LONDON (AP) — A British judge ruled Wednesday that a 67-year-old Irishman was an “active participant" in the 1982 IRA nail bombing attack in London's Hyde Park that killed four soldiers.
The decision came in a civil suit that relatives of the dead launched some five years after a criminal case against John Downey collapsed. Judge Amanda Yip ruled that Downey was responsible with other IRA members for the attack on the Household Cavalry in which 31 other people were injured.
“This was a deliberate, carefully planned attack on members of the military,'' Yip said. “I have found that the defendant was an active participant in the concerted plan to detonate the bomb, with the intent to kill or at least to cause serious harm to members of the Household Cavalry.”
The ruling will make it possible for the families to sue Downey for damages.
The criminal case collapsed after it emerged that the British government misled Downey into thinking he could travel to England without fear of arrest. The Northern Ireland Office gave Downey a confidential document saying he was not wanted for any outstanding IRA crimes.
The case shed light on the secret practice of providing letters promising safe passage home for scores of IRA members who had fled Northern Ireland to avoid arrest and remained fugitives, living for decades mostly in the Irish Republic.
The Irish nationalist Sinn Fein party had demanded that Britain let such IRA members return to Northern Ireland as part of wider peacemaking efforts. Former British Prime Minister Tony Blair's Labour government agreed but failed to get the measure passed by the House of Commons.
So instead it adopted the use of secret letters.
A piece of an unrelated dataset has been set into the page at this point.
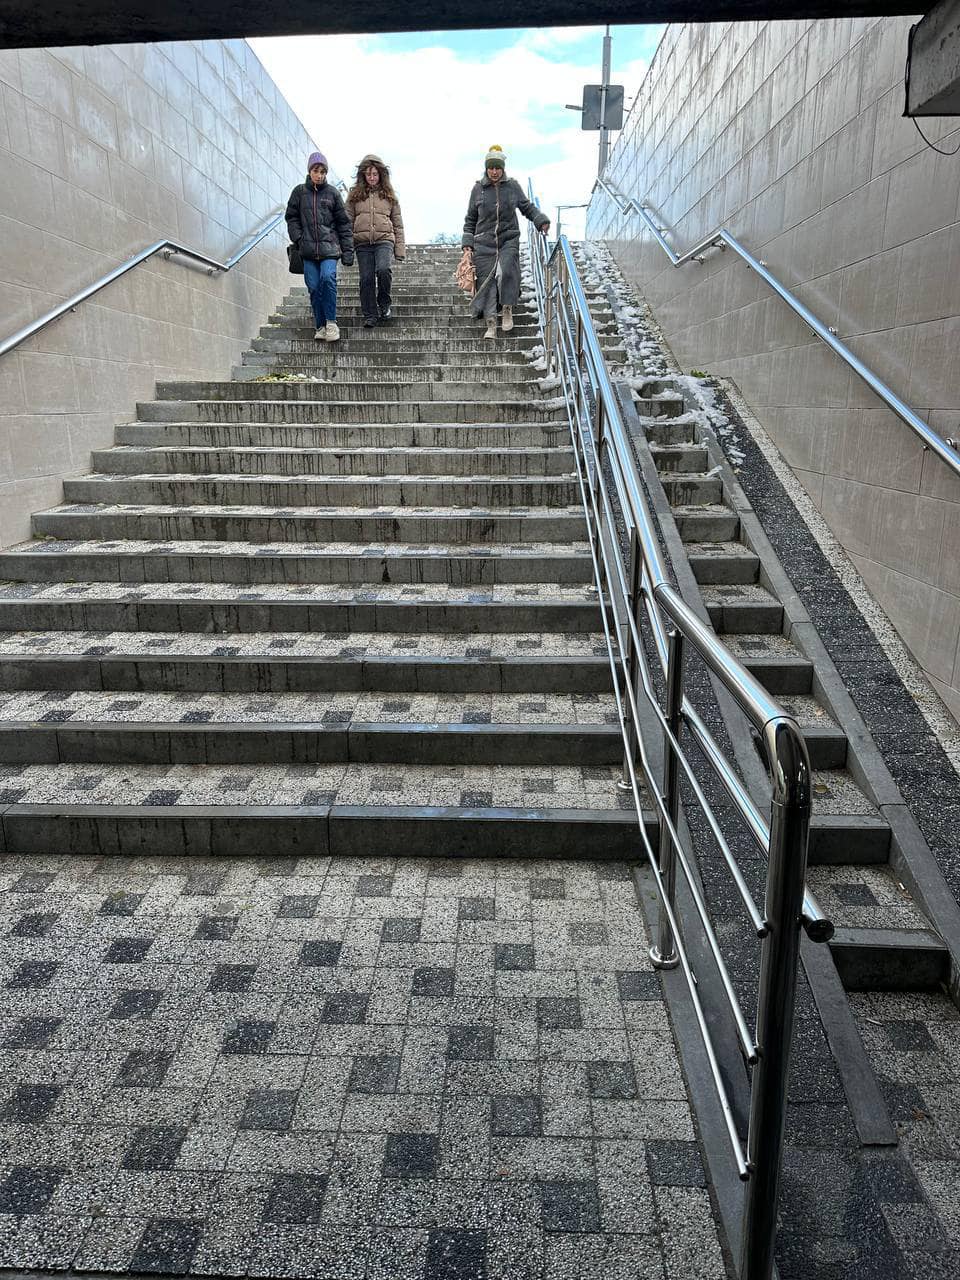 Imagini virale cu oameni care încearcă să coboare pe scări cu gheață, în capitală. Primăria Chișinău reacționează: „V-ați învățat să criticați doar”

Until then, the public had been led to believe that IRA fugitives from justice had remained on Britain's wanted list.
The lawyer for Sarahjane Young, the daughter of one of the Household Cavalry victims, said justice had prevailed.
“Sarahjane, and the families here today, were told they'd never get justice, that they should put the past behind them and move on,'' said the attorney, Matthew Jury. "They and thousands whose lives were devastated by the IRA are the forgotten victims.''
Downey is now in prison in Northern Ireland, awaiting trial for another attack during the deadly Troubles period.